B. U. Felderhof Institut für Theorie der Statistischen Physik
RWTH Aachen University
Templergraben 55
52056 Aachen
Germany
July 5, 2019
###### Abstract

Translational and rotational swimming at small Reynolds number of a planar assembly of identical spheres immersed in an incompressible viscous fluid is studied on the basis of a set of equations of motion for the individual spheres. The motion of the spheres is caused by actuating forces and forces derived from a direct interaction potential, as well as hydrodynamic forces exerted by the fluid as frictional and added mass hydrodynamic interactions. The translational and rotational swimming velocities of the assembly are deduced from momentum and angular momentum balance equations. The mean power required during a period is calculated from an instantaneous power equation. Expressions are derived for the mean swimming velocities and the mean power, valid to second order in the amplitude of displacements from the relative equilibrium positions. Hence these quantities can be evaluated for prescribed periodic displacements. Explicit calculations are performed for three spheres interacting such that they form an equilateral triangle in the rest configuration.

###### pacs:
47.15.G-, 47.63.mf, 47.63.Gd, 47.63.M-

## I Introduction

The mechanism of swimming of a body immersed in an infinite viscous fluid is not yet fully understood. Much progress has been made in the study of the Stokes limit 1 (),2 (), pertaining to the swimming of microorganisms, with neglect of inertia of the body and the fluid. The effect of fluid inertia can be characterized by a dimensionless viscosity 3 (), or equivalently by a scale number 4 (), given by the ratio of a typical body dimension to the range of viscous dissipation during a period. The Stokes limit corresponds to infinite dimensionless viscosity and vanishing scale number. In the following we study a model swimmer in the full range of scale number. The Reynolds number is assumed to be small, so that vortex shedding is neglected and the fluid flow is laminar. In the swimming of fish and humans and in the flying of birds the Reynolds number is large and vortex shedding is relevant 5 (),6 (),6A ().

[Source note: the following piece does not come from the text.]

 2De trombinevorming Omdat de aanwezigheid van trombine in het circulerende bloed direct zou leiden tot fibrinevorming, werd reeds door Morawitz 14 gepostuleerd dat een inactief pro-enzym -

One can gain much insight by modeling the body as an assembly of spheres interacting directly, for example via harmonic springs, and with the effect of fluid motion embodied in frictional and added mass hydrodynamic interactions. The added mass of human bodies has been measured experimentally 7 (). In swimming the body is set in motion by actuating forces which vary periodically in time.

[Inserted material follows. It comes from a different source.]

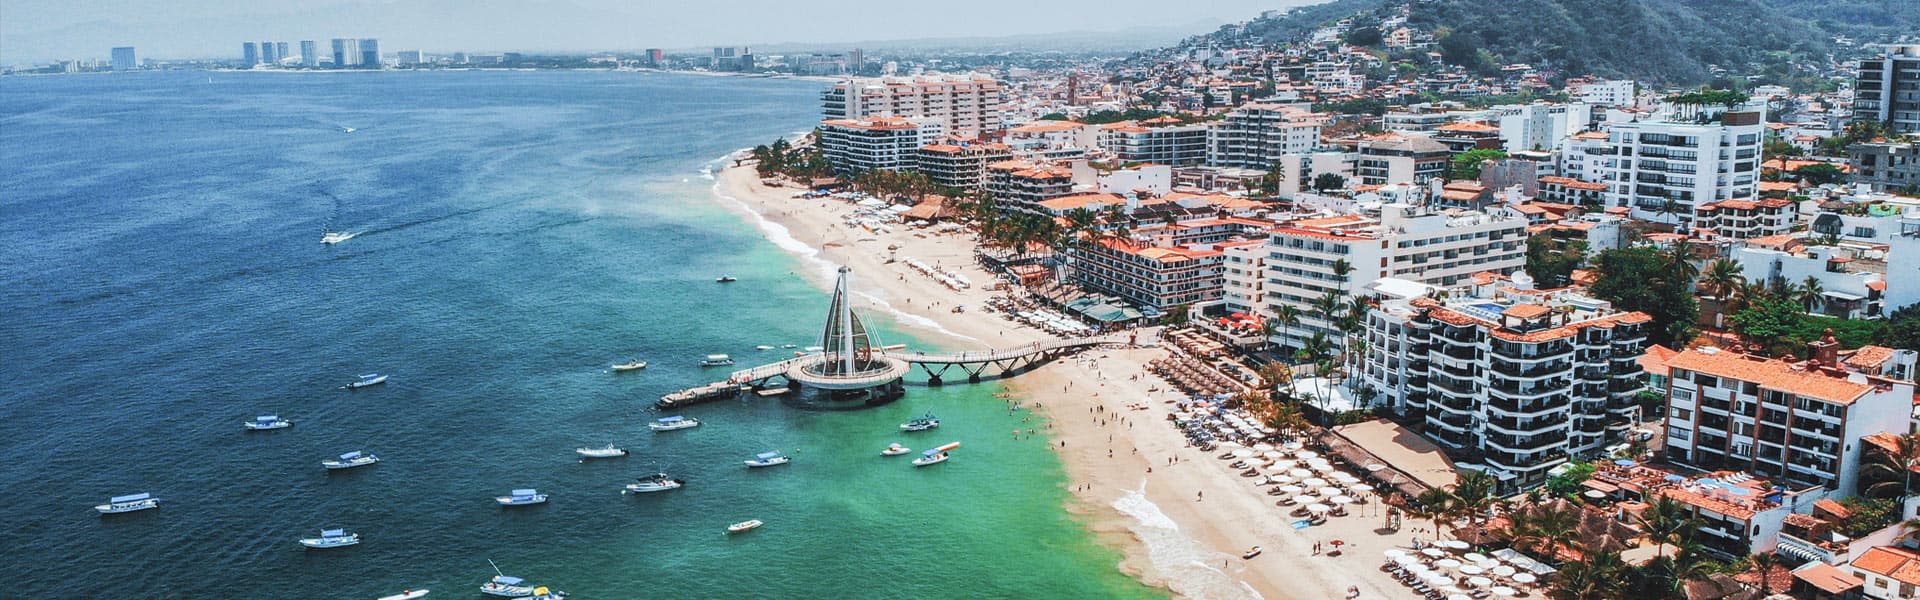 Mexican Riviera: Cabo & Puerto Vallarta

So far most model calculations in the Stokes limit have been made for linear chain structures with longitudinal motions along the chain. In particular, the linear three-sphere chain has been studied in detail 8 (),9 (). In earlier work we studied the effect of body and fluid inertia on the swimming of a linear three-sphere chain 10 (),10A (). In the following we consider the more complicated situation of planar assemblies with motions restricted to a plane. The particular case of a triangular assembly in the Stokes limit was studied by Vladimirov 11 ().

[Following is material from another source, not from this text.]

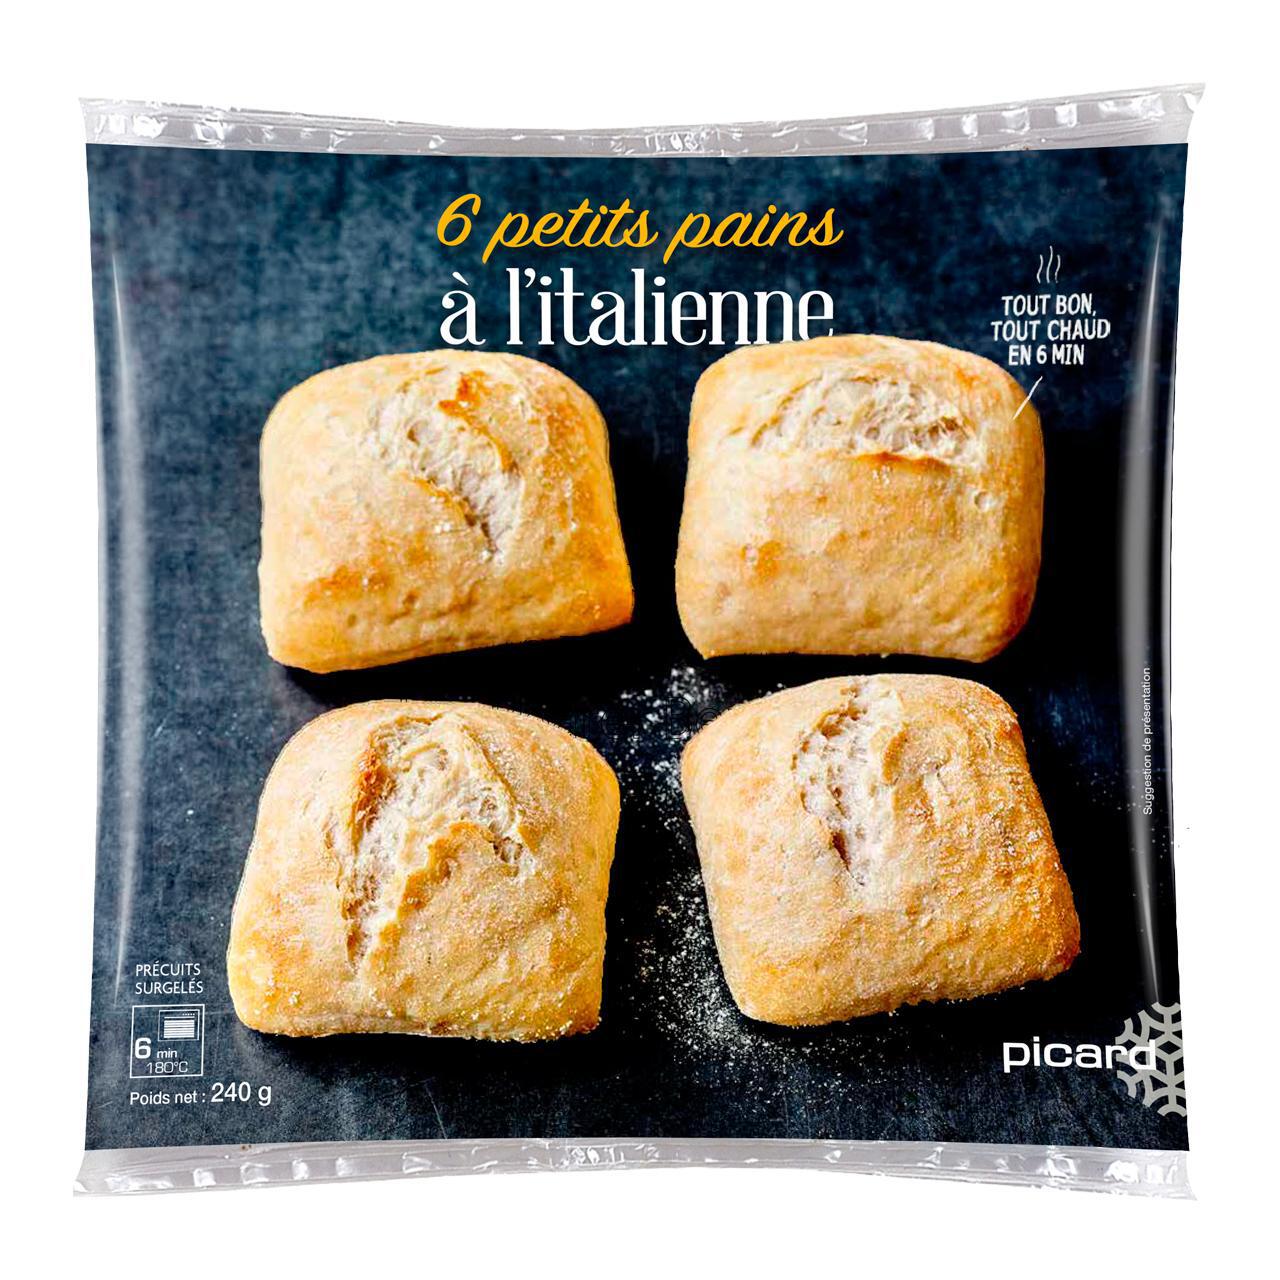 Picard Mini Italian Bread Rolls 6 per pack

In Sec. II the dynamics of the resistive-reactive model is formulated on the basis of Hamiltonian equations of motion with added frictional forces. The frictional hydrodynamic interactions can in principle be calculated in the Stokes limit 12 (). In practice one uses an Oseen 13 () or Rotne-Prager approximation 14 (). The added mass hydrodynamic interactions can in principle be found from potential theory 15 (),16 (). In practice one uses a dipole approximation 10 (). The spheres are also subject to direct forces, as specified in an interaction potential, and to actuating forces, driving the motion of the assembly. The total actuating force and torque are assumed to vanish.

The translational and rotational swimming velocity are found from momentum and angular momentum balance equations for the assembly. In Sec. III these equations are derived from the equations of motion for the individual spheres. In addition we derive an instantaneous power equation 17 ().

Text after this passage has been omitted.